Our experience has been that 40% to 60% of the tests for most projects can and should be automated. An initial top-level assessment should be developed for each project. As you gain experience in implementing AST for more projects, you will continue to refine your ability to accurately gauge the degree to which you can apply AST to the test program, based on your own historical data.
What is the expected reduction in test time and schedule?
Before any test is automated, an ROI calculation should take place. Details of calculating ROI are discussed in detail in “Implementing Automated Software Testing.” Additionally, the need for automation of best test area candidates should be considered, such as automated test planning and development; test data generation; test execution and results analysis; error status and monitoring; and report creation, as discussed in the next sections. Our experience has shown that AST can have a big impact on reducing a project’s schedule during the test execution phase. Activities during this phase would typically include test execution, test result analysis, error correction, and test reporting. If those activities are automated, our experience has shown that much time can be saved.
Our experience also has shown that during initial test automation implementation—that is, during the test automation development phase—there will be an initial time increase.

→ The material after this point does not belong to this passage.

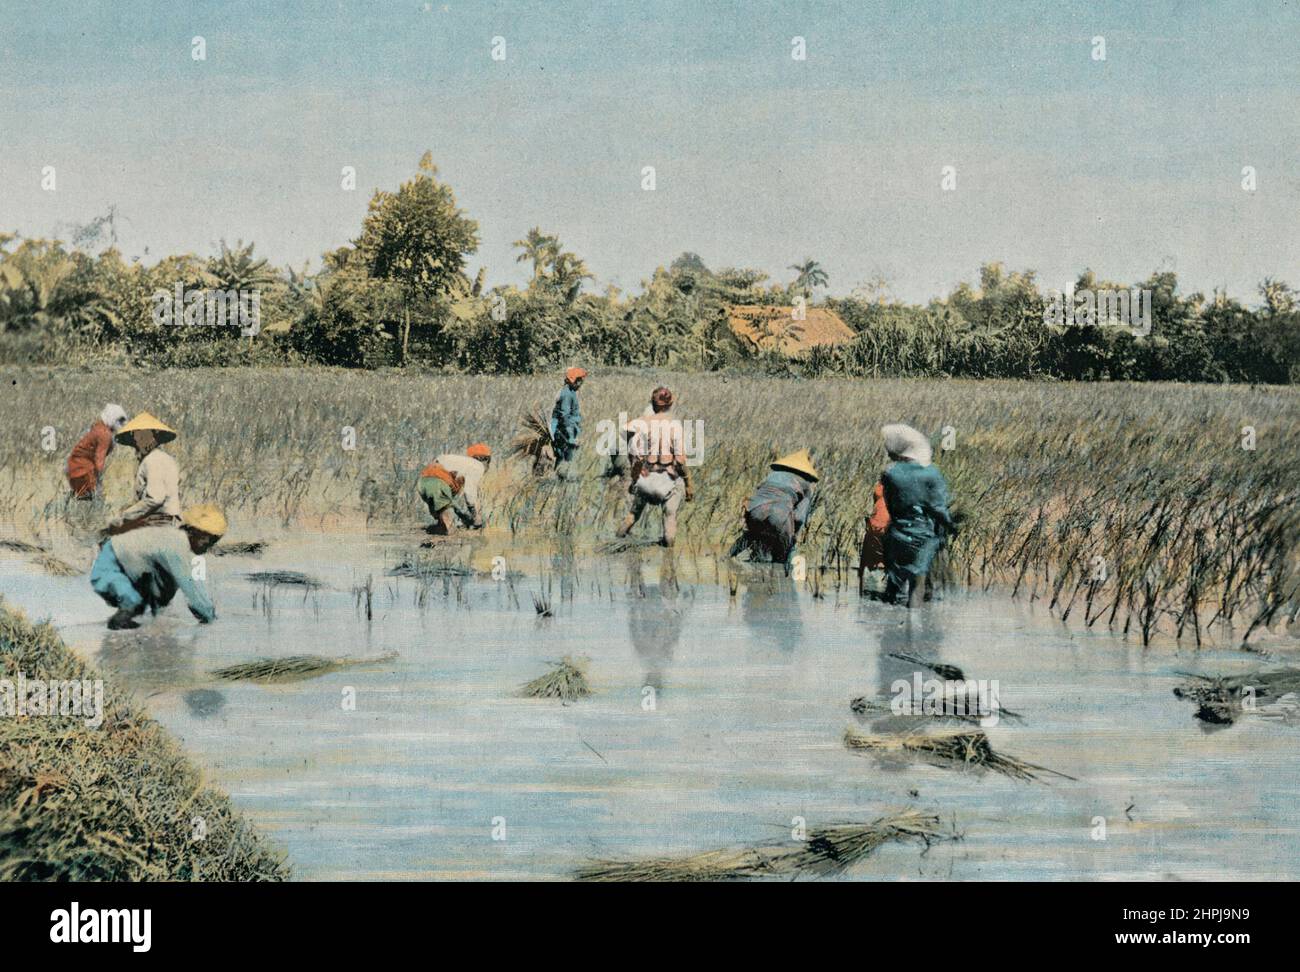 RÉCOLTE DU RIZ. Autour Du Monde Tonkin  - Vietnam II 1895 - 1900  (4)  - 19 th century french colored photography print Stock Photo
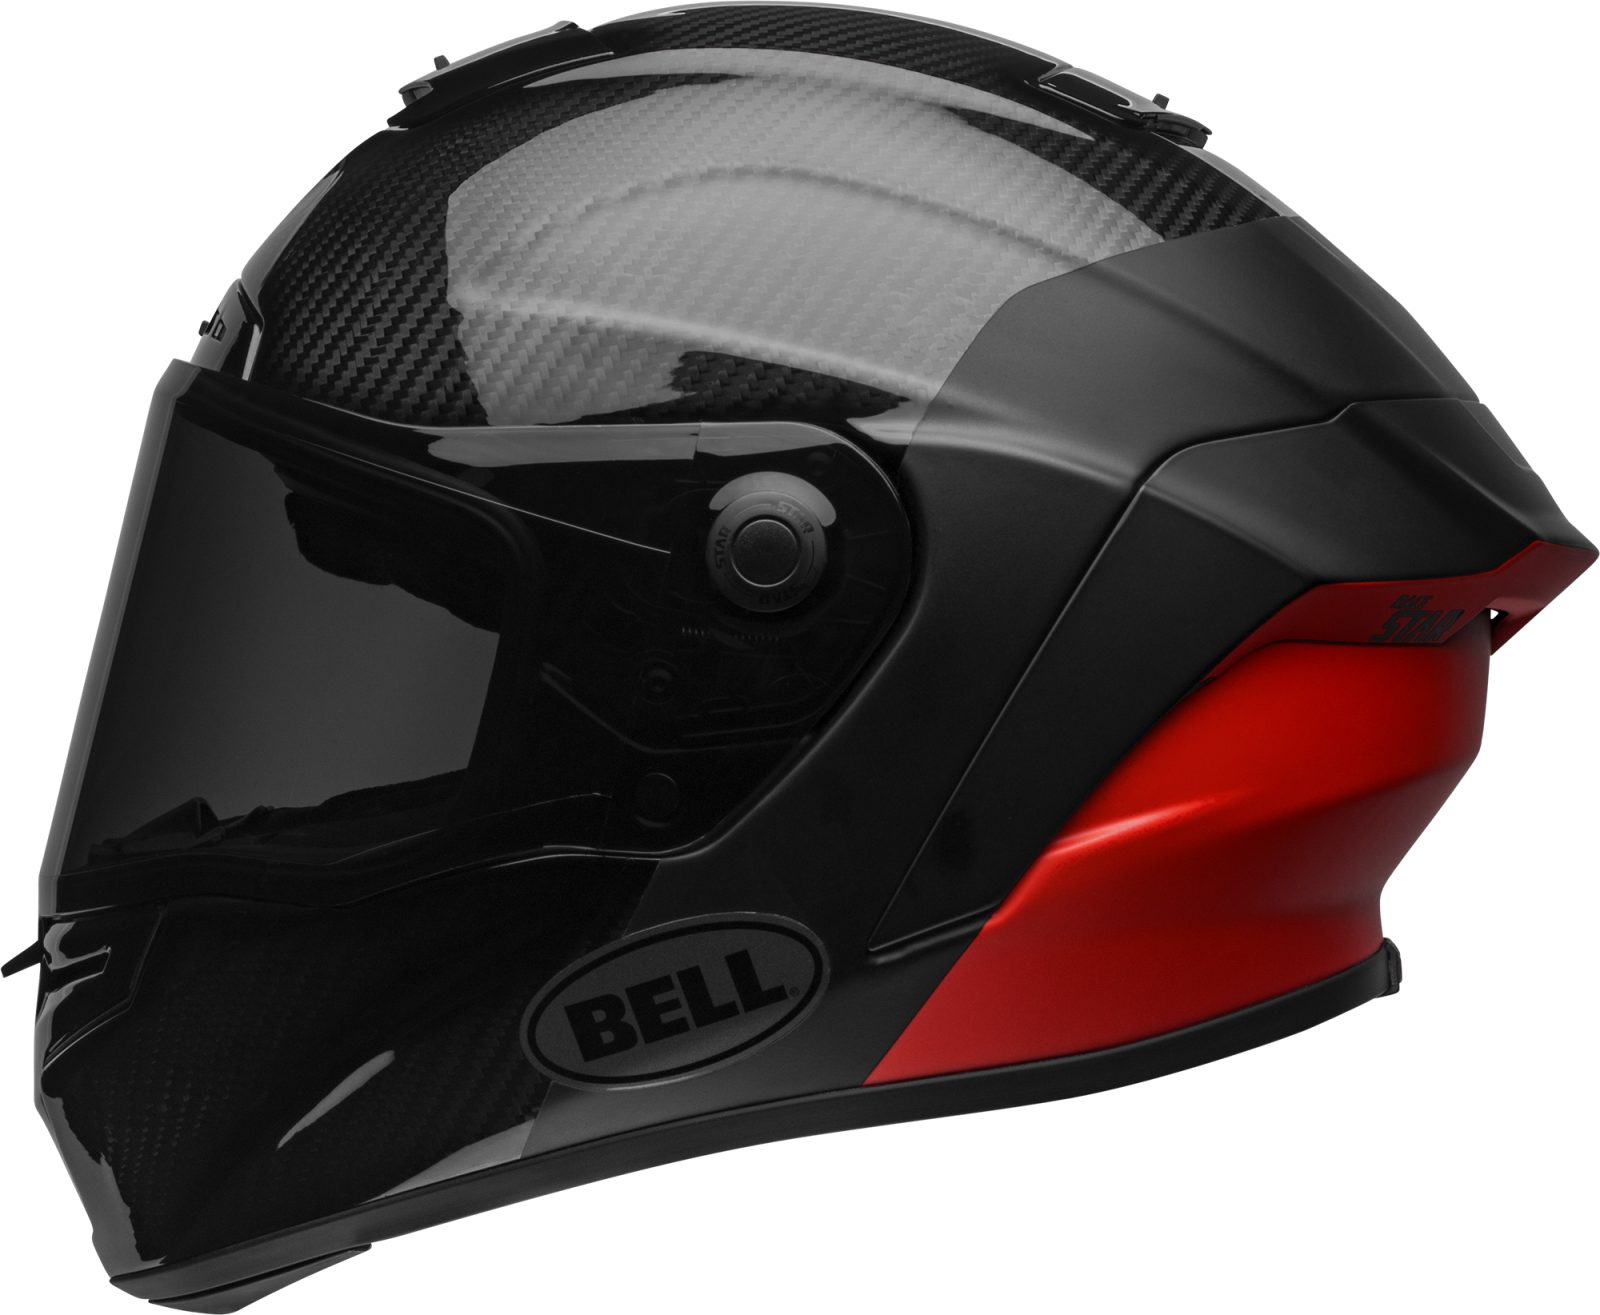 bell-race-star-flex-dlx-street-helmet-carbon-lux-matte-gloss-black-red-left - Australian

Automated Test Planning and Development—Initial Test Effort Increase
Automated testing initially adds a level of complexity to the testing effort. Before the decision is made to introduce an automated test tool, many peculiarities need to be considered, which are discussed throughout this book. For example, a review of the planned AUT or system under test (SUT) needs to be conducted to determine whether it is compatible with the test tool. Sometimes no tool exists on the market that meets the automation needs, and test software and frameworks have to be developed in-house. Additionally, the availability of sample data to support automated tests needs to be reviewed. The kinds and variations of data that will be required need to be outlined, and a plan developed for acquiring and/or developing sample data needs to be constructed, this is discussed in the next section. Consideration needs to be given to the modularity and reuse of test scripts. Automated testing represents its own kind of development effort, complete with its own mini development lifecycle. The planning required to support a test development lifecycle, operating in parallel with an application development effort, has the effect of adding to the test planning effort.
In the past, the development of test procedures was a slow, expensive, and labor-intensive process. When a software requirement or a software module changed, a test engineer often had to redevelop existing test procedures and create new test procedures from scratch. Using test management and automated testing tool capability for generating or modifying test procedures takes a fraction of the time of manual-intensive processes.
Test Data Generation—Test Effort/Schedule Decrease
The use of test data generation tools also contributes to the reduction of the test effort. An effective test strategy requires careful acquisition and preparation of test data. Functional testing can suffer if test data is poor, and, conversely, good data can help improve functional testing. Good test data can be structured to improve understanding and testability. The content of the data, correctly chosen, can reduce maintenance efforts and allow flexibility. Preparation of the data can help to focus the business where requirements are vague.
When available, a data dictionary and detailed design documentation can be useful in identifying sample data. In addition to providing data element names, the data dictionary may provide data structures, cardinality, usage rules, and other useful information. Design documentation, particularly database schemas, can also help identify how the application interacts with data, as well as what relationships there are between data elements.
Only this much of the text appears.